▶ [Dataset extract]
* * * * * * * * *
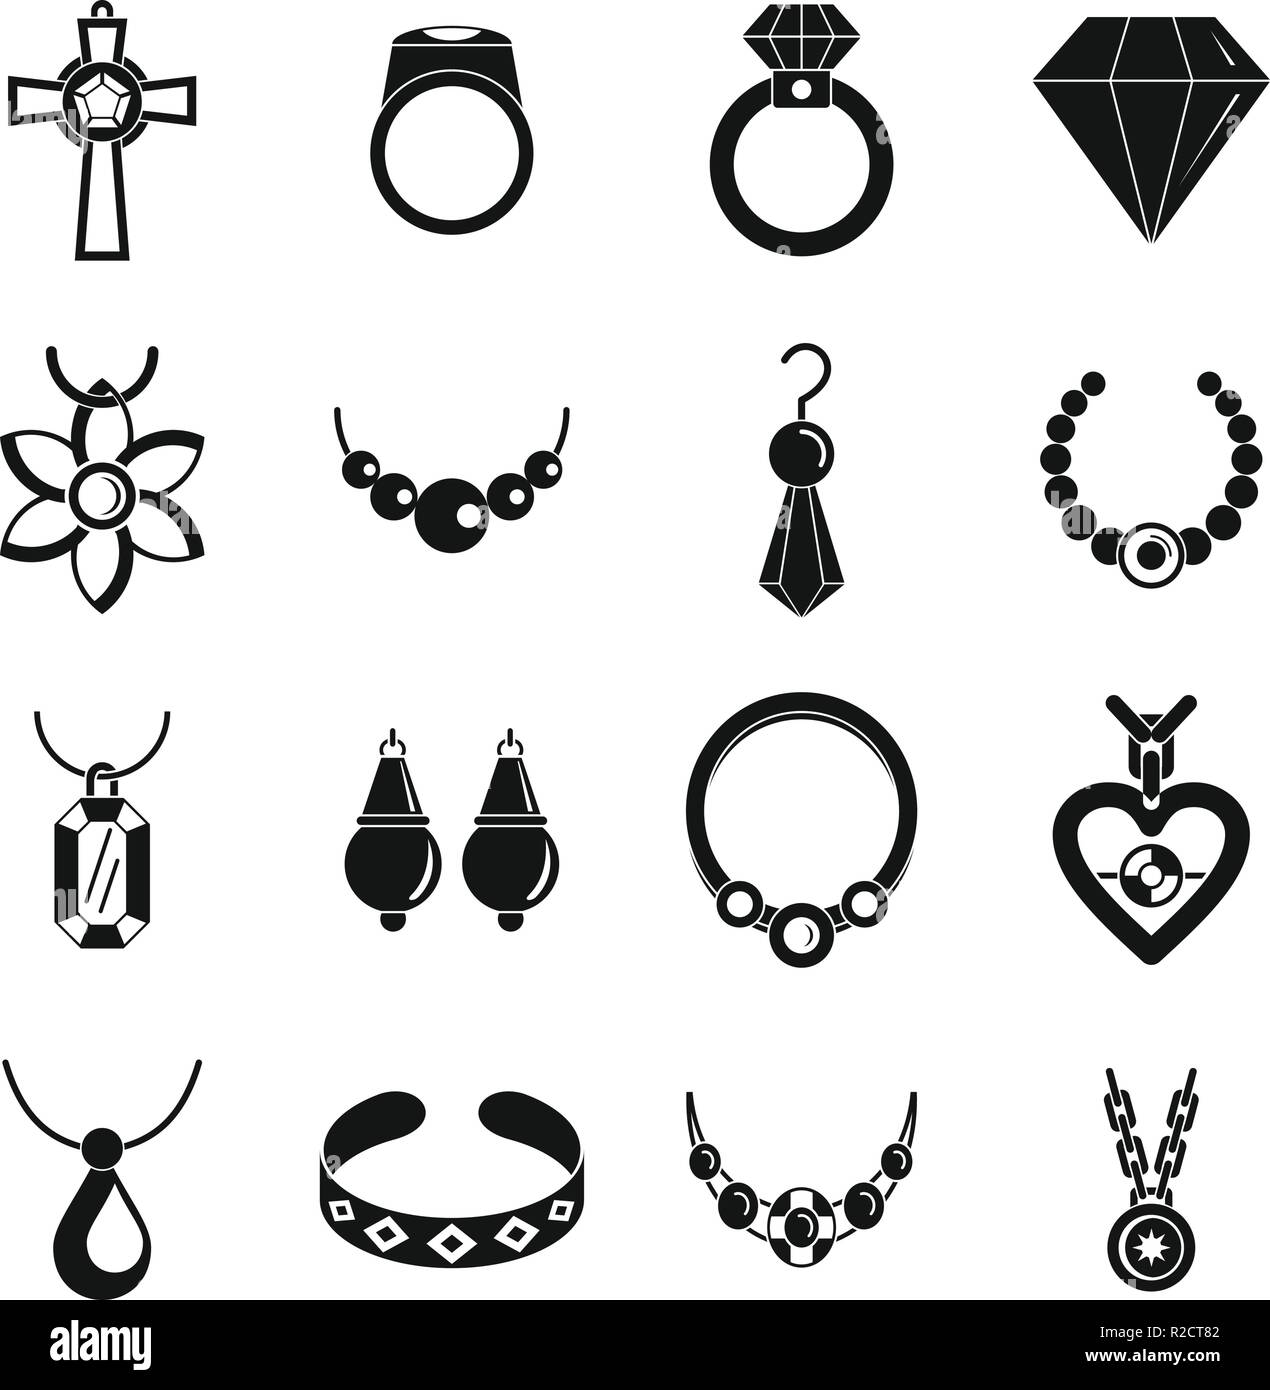 Bijoux de luxe collier icons set. Illustration Simple de Luxe Collier  bijoux 16 icônes vectorielles pour le web Image Vectorielle Stock - Alamy
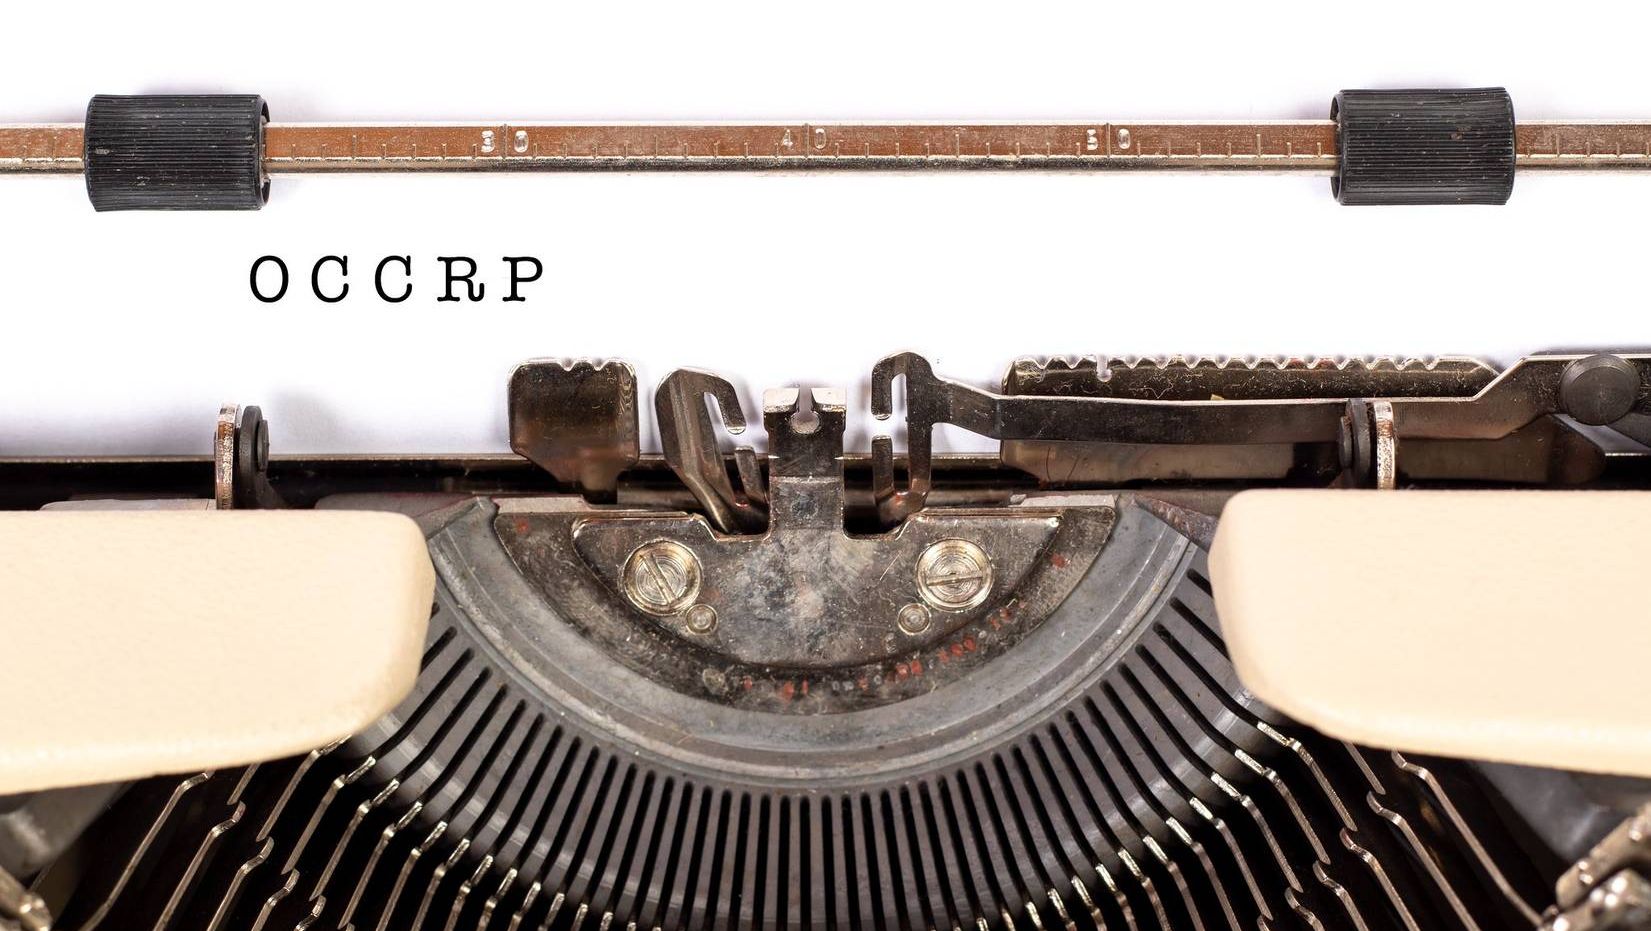 OCCRP - проект по расследованию коррупции и организованной преступности.
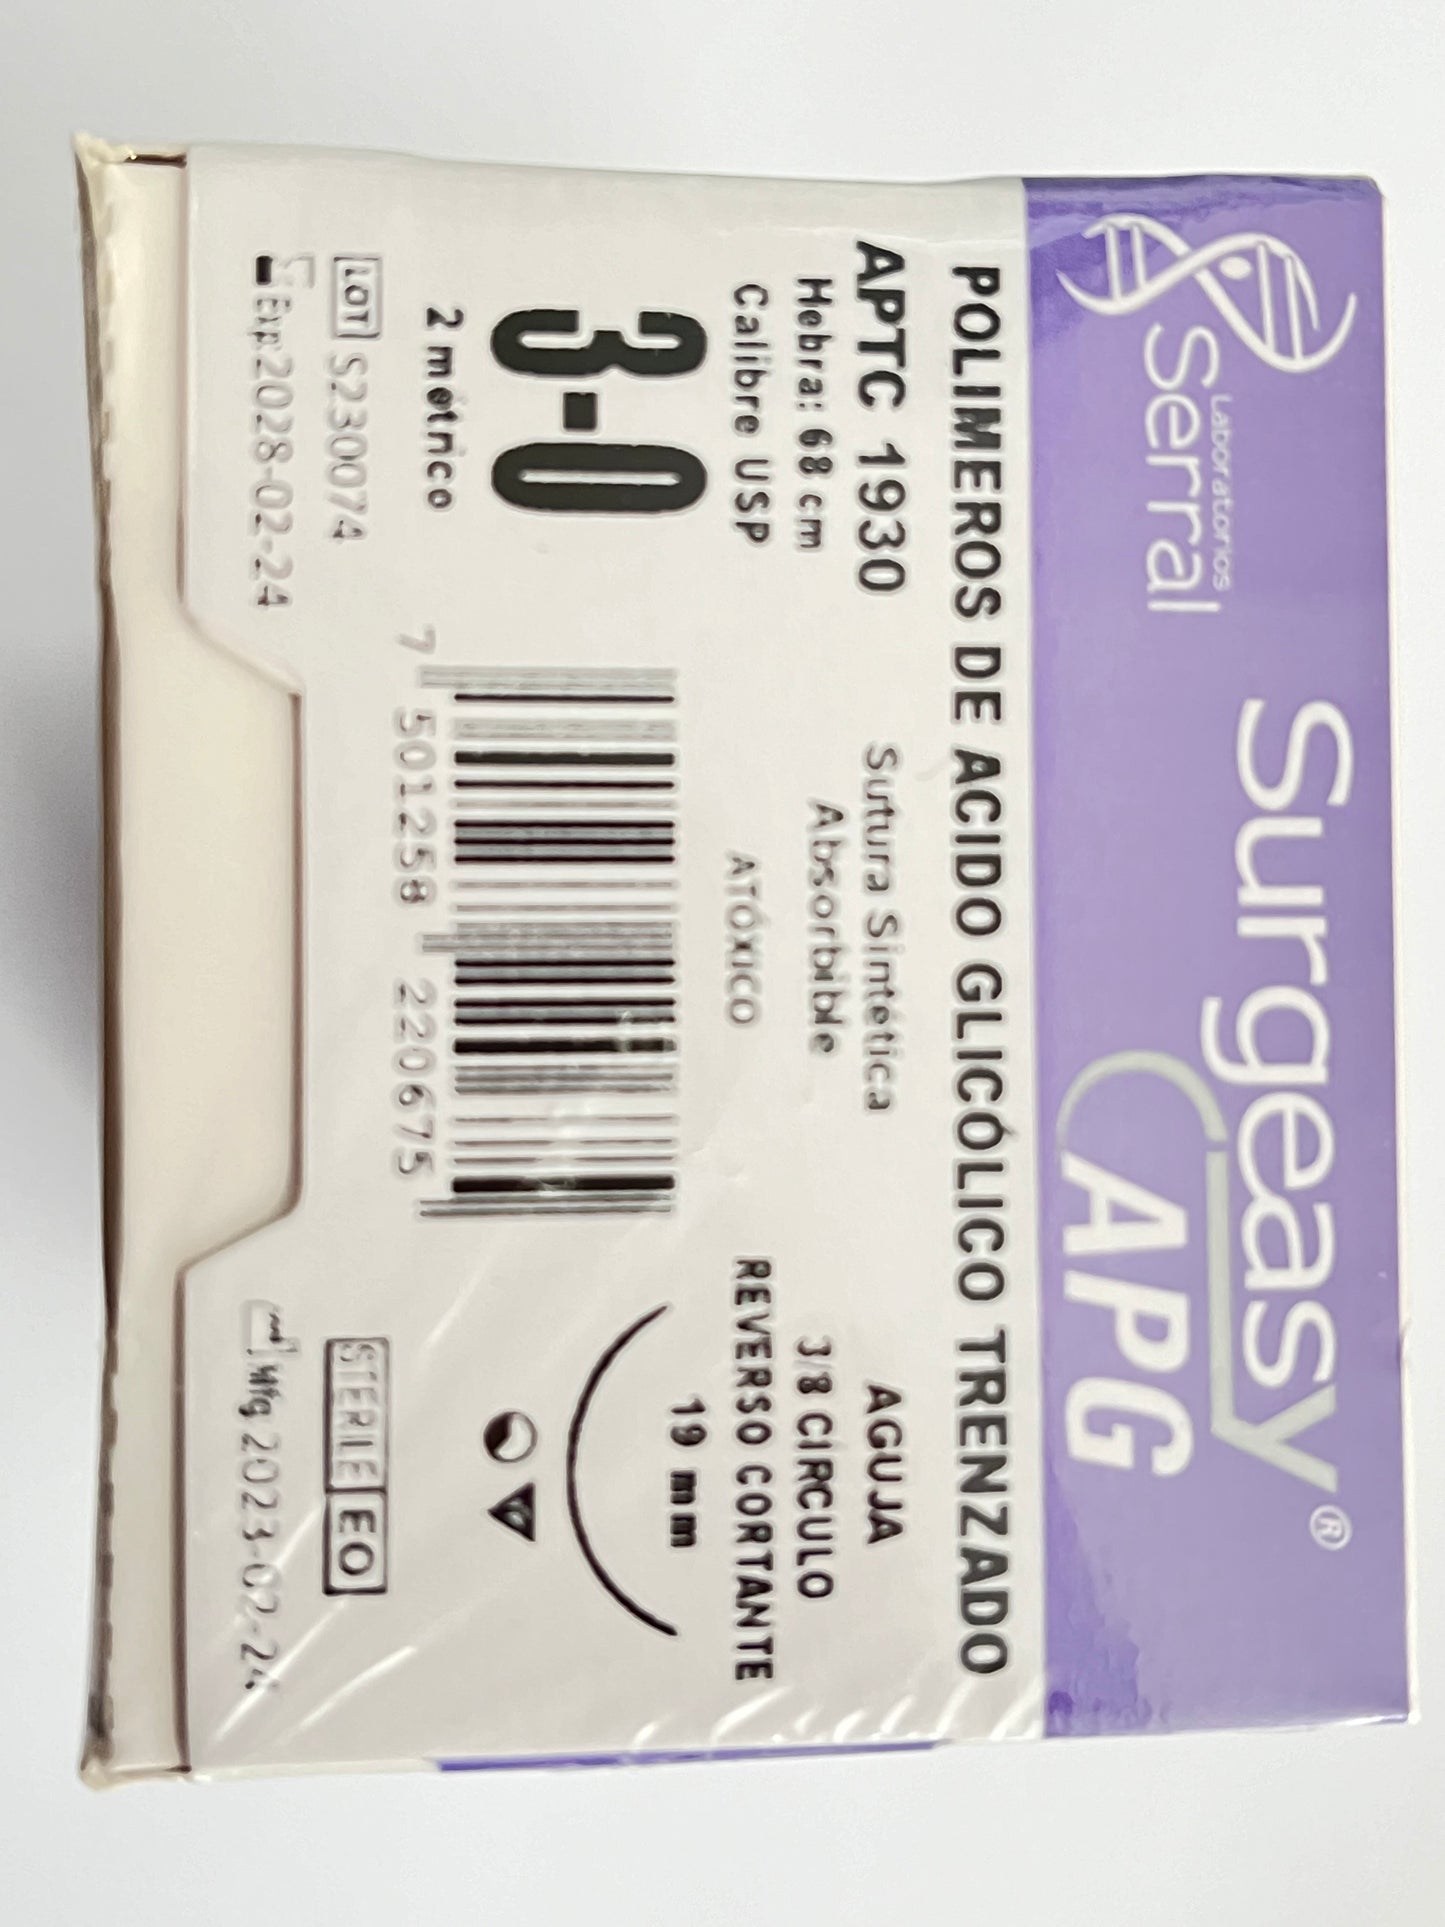 Caja sutura 3-0 ácido glicólico con 12 piezas
* * * * * * * * *
▶ [What is needed]
Please keep every line of the data the same when you reproduce it, and keep every picture out.

▶ [Problem solution]
 Bijoux de luxe collier icons set. Illustration Simple de Luxe Collier  bijoux 16 icônes vectorielles pour le web Image Vectorielle Stock - Alamy
 OCCRP - проект по расследованию коррупции и организованной преступности.
 Caja sutura 3-0 ácido glicólico con 12 piezas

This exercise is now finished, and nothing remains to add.